Putting all the pieces together, here is the update function for gradient descent:


In [None]:
def update():

    # predict
    y_hat = x@w

    # calculate loss
    loss = mse(y, y_hat)
    
    if epoch % 10 == 0: print(loss)
    
    # calculate gradient of loss
    loss.backward()

    # update parameters (temporarily stop autograd from tracking history)
    with torch.no_grad():
        w.sub_(lr * w.grad) # in-place subtraction
        w.grad.zero_()

###Question 3:
- What does `w.grad.zero_()` do, and why is it necessary to call this function?

In [None]:
lr = 1e-1
for epoch in range(100):
  update()

In [None]:
w.requires_grad = False # Disable gradients, otherwise pyplot refuses to plot x@w
plt.scatter(x[:,0],y)
plt.scatter(x[:,0],x@w);

## Animate it!
This is just for fun :-)

In [None]:
from matplotlib import animation, rc
rc('animation', html='jshtml')

In [None]:
w = np.array([-1.,1]).astype(np.float32)
w = torch.as_tensor(w)

fig = plt.figure()
plt.scatter(x[:,0], y, c='orange')
line, = plt.plot(x[:,0], x@w)
plt.close()

def animate(i):
    w.requires_grad = True
    update()
    w.requires_grad = False
    line.set_ydata(x@w)
    return line,

animation.FuncAnimation(fig, animate, np.arange(0, 100), interval=20)

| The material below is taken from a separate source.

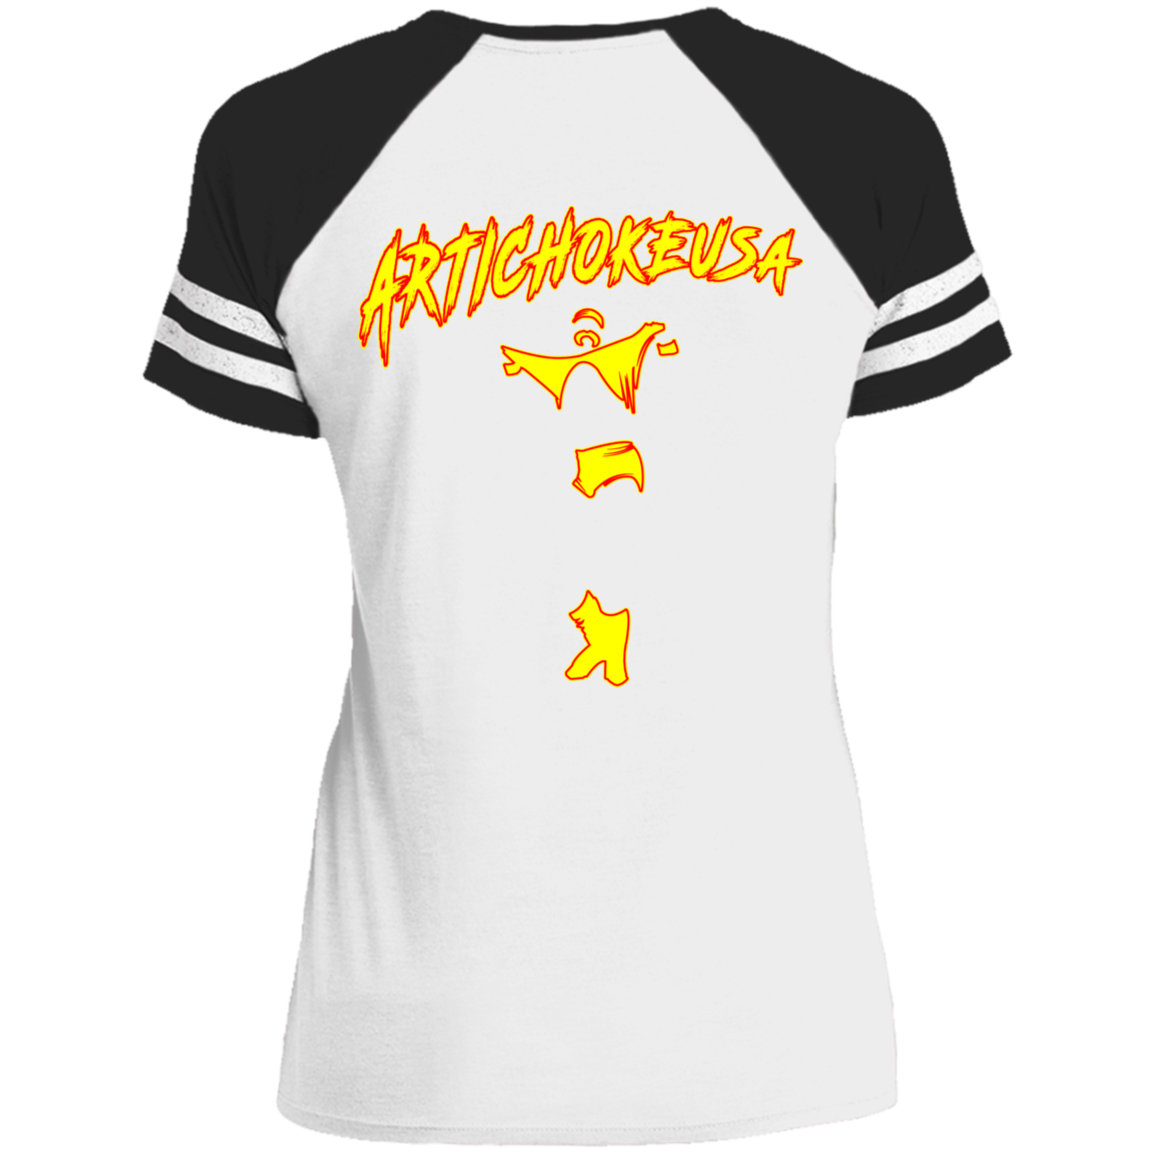 ArtichokeUSA Character and Font Design. Let’s Create Your Own Design Today. Fan Art. The Hulkster. Ladies' Game V-Neck T-Shirt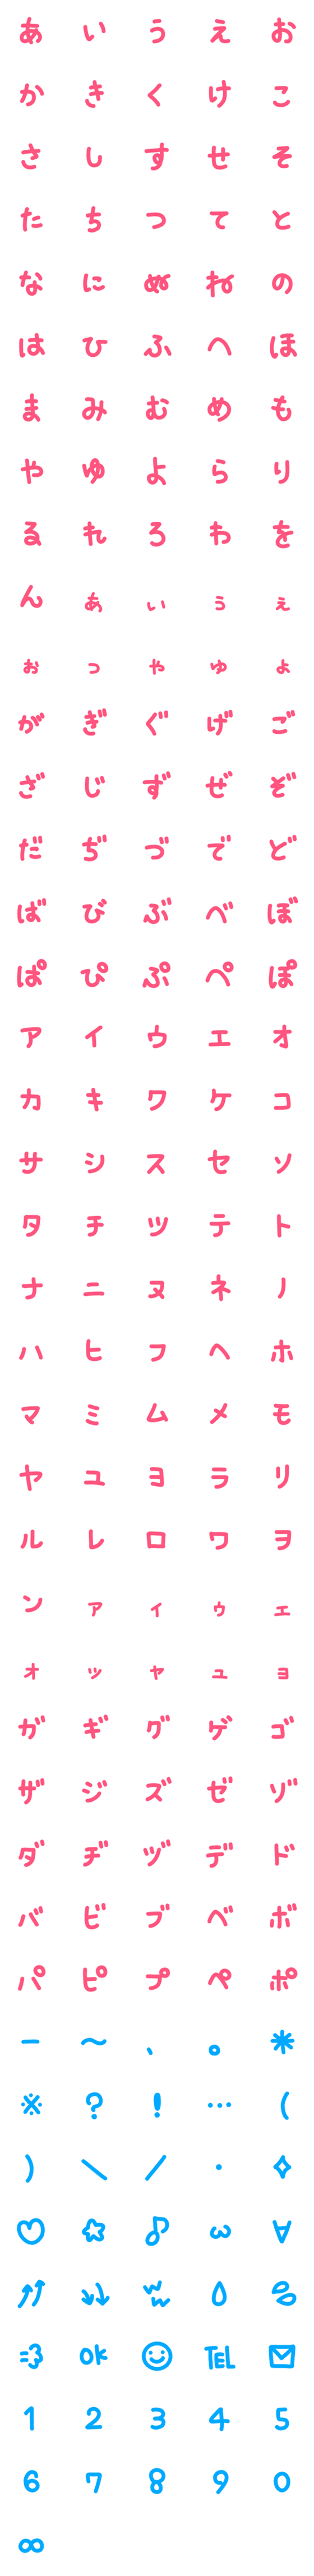 [LINE絵文字]どんな背景にも合うデコ絵文字1の画像一覧

In practice, we usually don't calculate the gradients on the whole training set at once, but we use *mini-batches*. Then gradient descent becomes Stochastic Gradient Descent (SGD).

## Vocab

- Learning rate
- Epoch
- Minibatch
- SGD
- Model / Architecture
- Parameters
- Loss function

##Optional task
For classification problems, we use *cross entropy loss*, also known as *negative log likelihood loss*. This penalizes incorrect confident predictions, and correct unconfident predictions.

Can you implemnt a simple example like above, but for logistic regression? You need to change both the model (recall the output in logistic regression is a sigmoid) and the loss function (cross entropy).